Knowledge-Based RL exists as a branch of RL that incorporates knowledge with RL. Generally, we can see that KBRL tries to evolve RL into a more "human-like" approach. I find this concept fascinating and I think much of the AI community would find interest in such due to the goal of reaching AGI. Of course, a mere sophomore-undergrad isn't going to solve AGI, but I hope to gain more experience in these "human-like" concepts throughout my next few years, and I'll work on continuing this path during grad school!

❤ References

[1] Icarte et al. Reward Machines: Exploiting Reward Function Structure in Reinforcement Learning. 2022.

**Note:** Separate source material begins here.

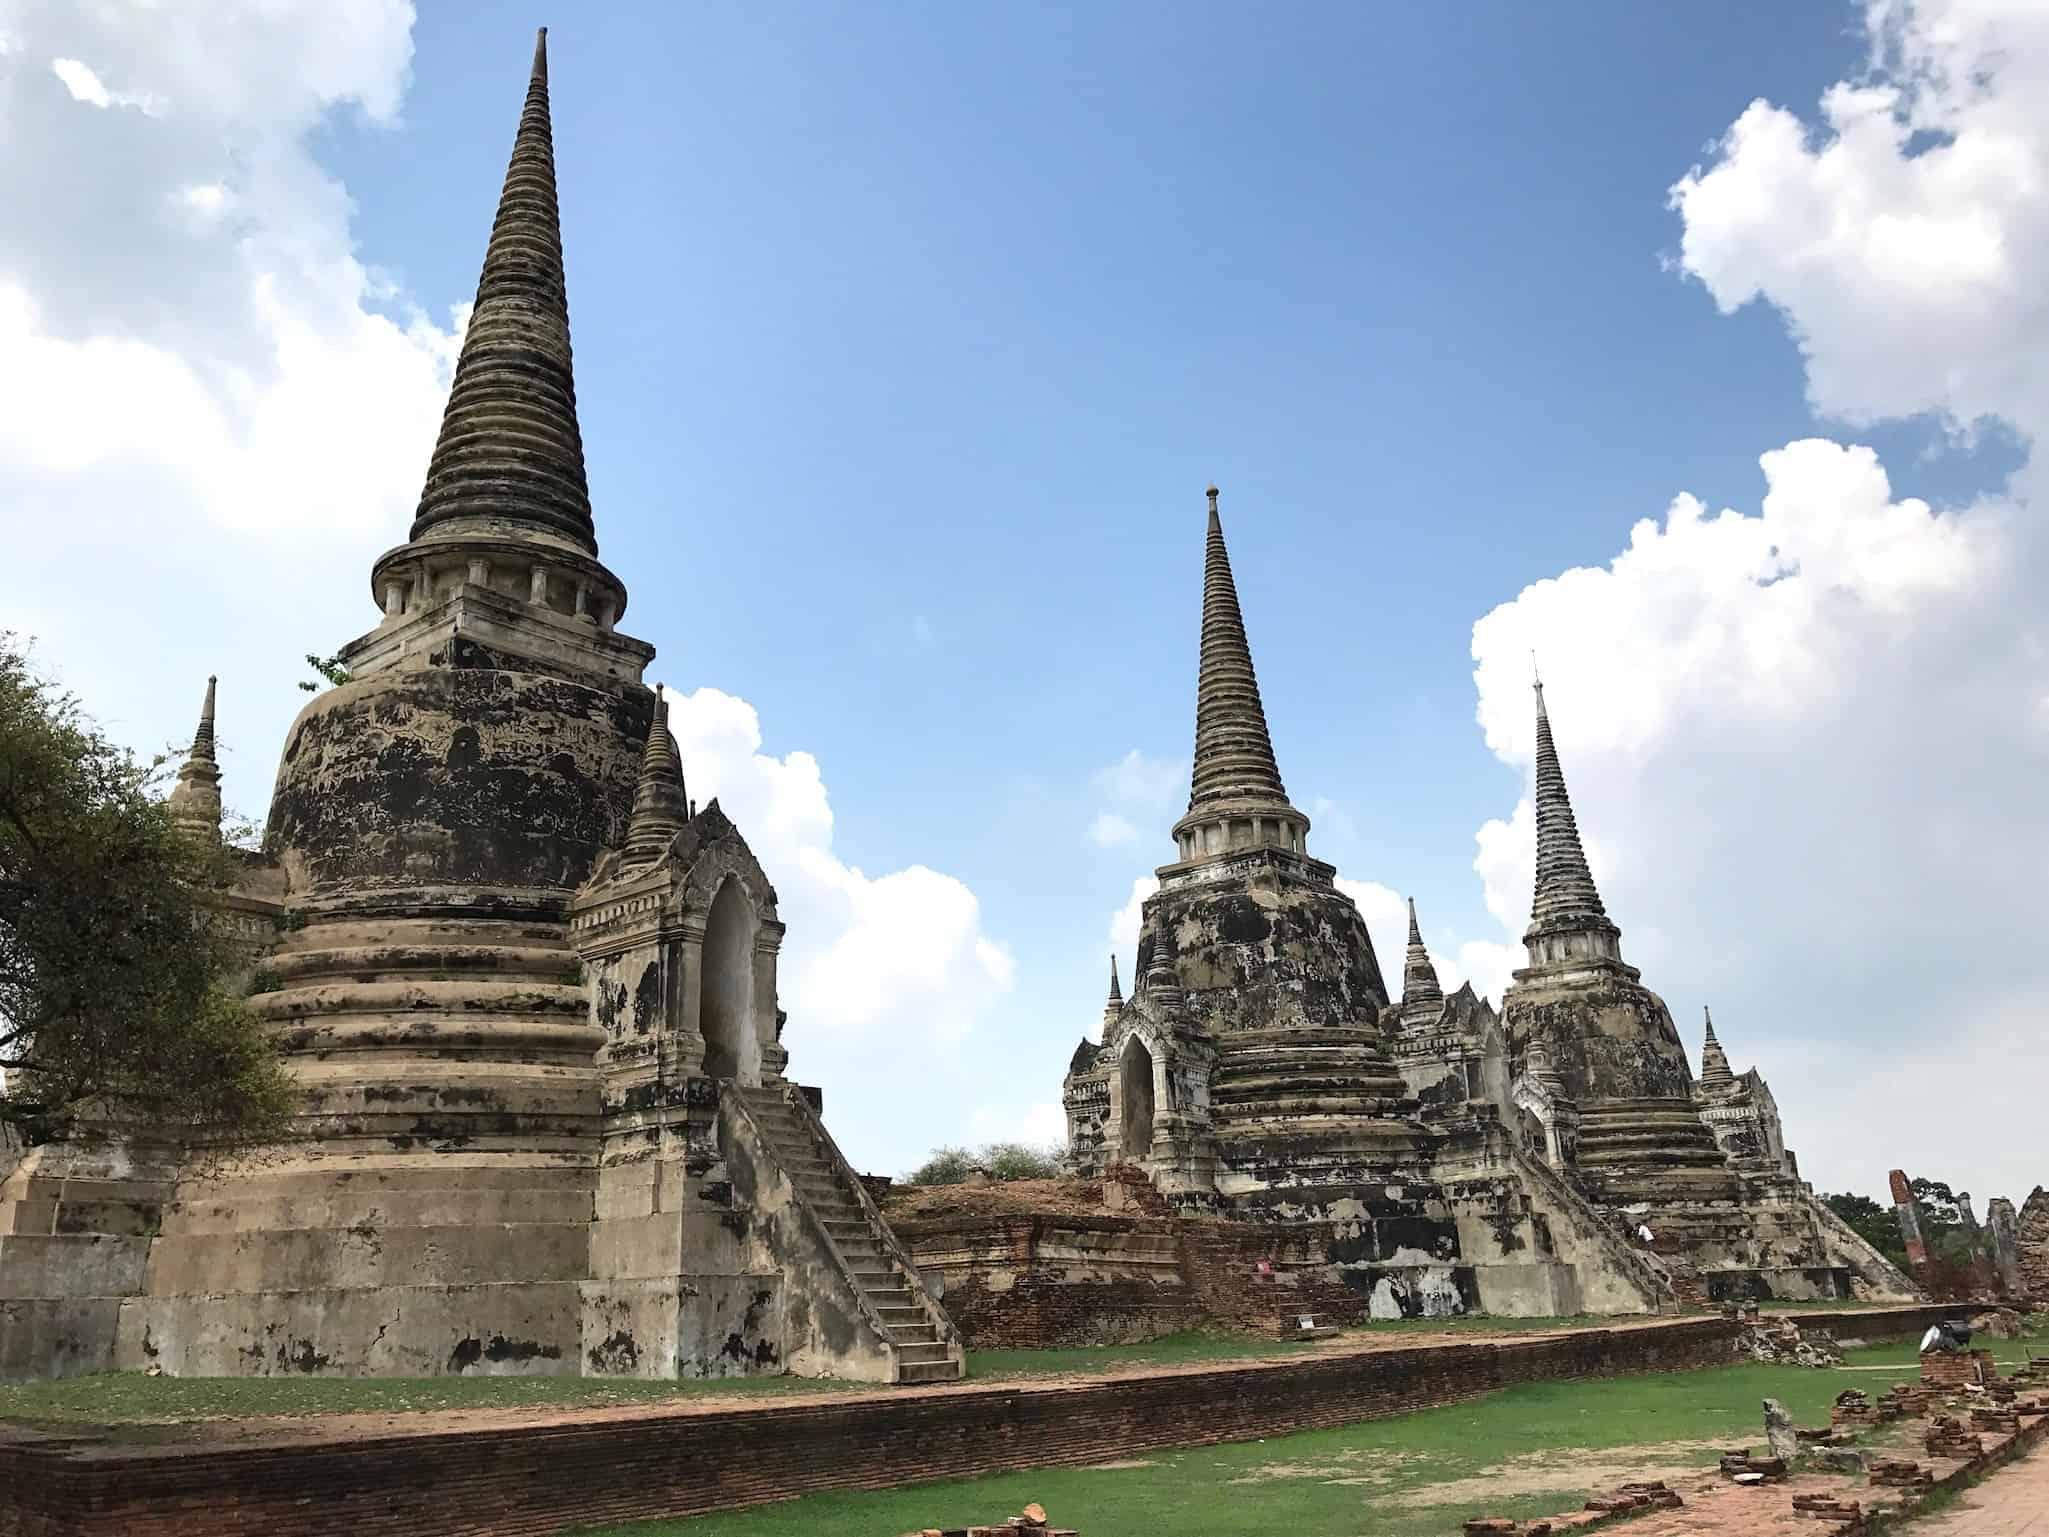 Wat Phra Si Sanphet Chedis

[2] Rudin et al. Learning to Walk in Minutes Using Massively Parallel Deep Reinforcement Learning. 2022.
[3] KBRL Workshop. IJCAI-PRICAI. 2020.
[4] Kimura et al. Reinforcement Learning with External Knowledge by using Logical Neural Networks. 2021.
[5] Singh et al. COG: Connecting New Skills to Past Experience with Offline Reinforcement Learning. 2020.
[6] Narita and Kimura. Learning from Failure: Introducing Failure Ratio in Reinforcement Learning. 2020.
[7] García and Fernández. A Comprehensive Survey on Safe Reinforcement Learning. 2015.
[8] Zhang and Sridharan. A survey of knowledge-based sequential decision-makingunder uncertainty. 2022.
[9] Silver et al. Mastering the game of Go with deep neural networks and tree search. 2016.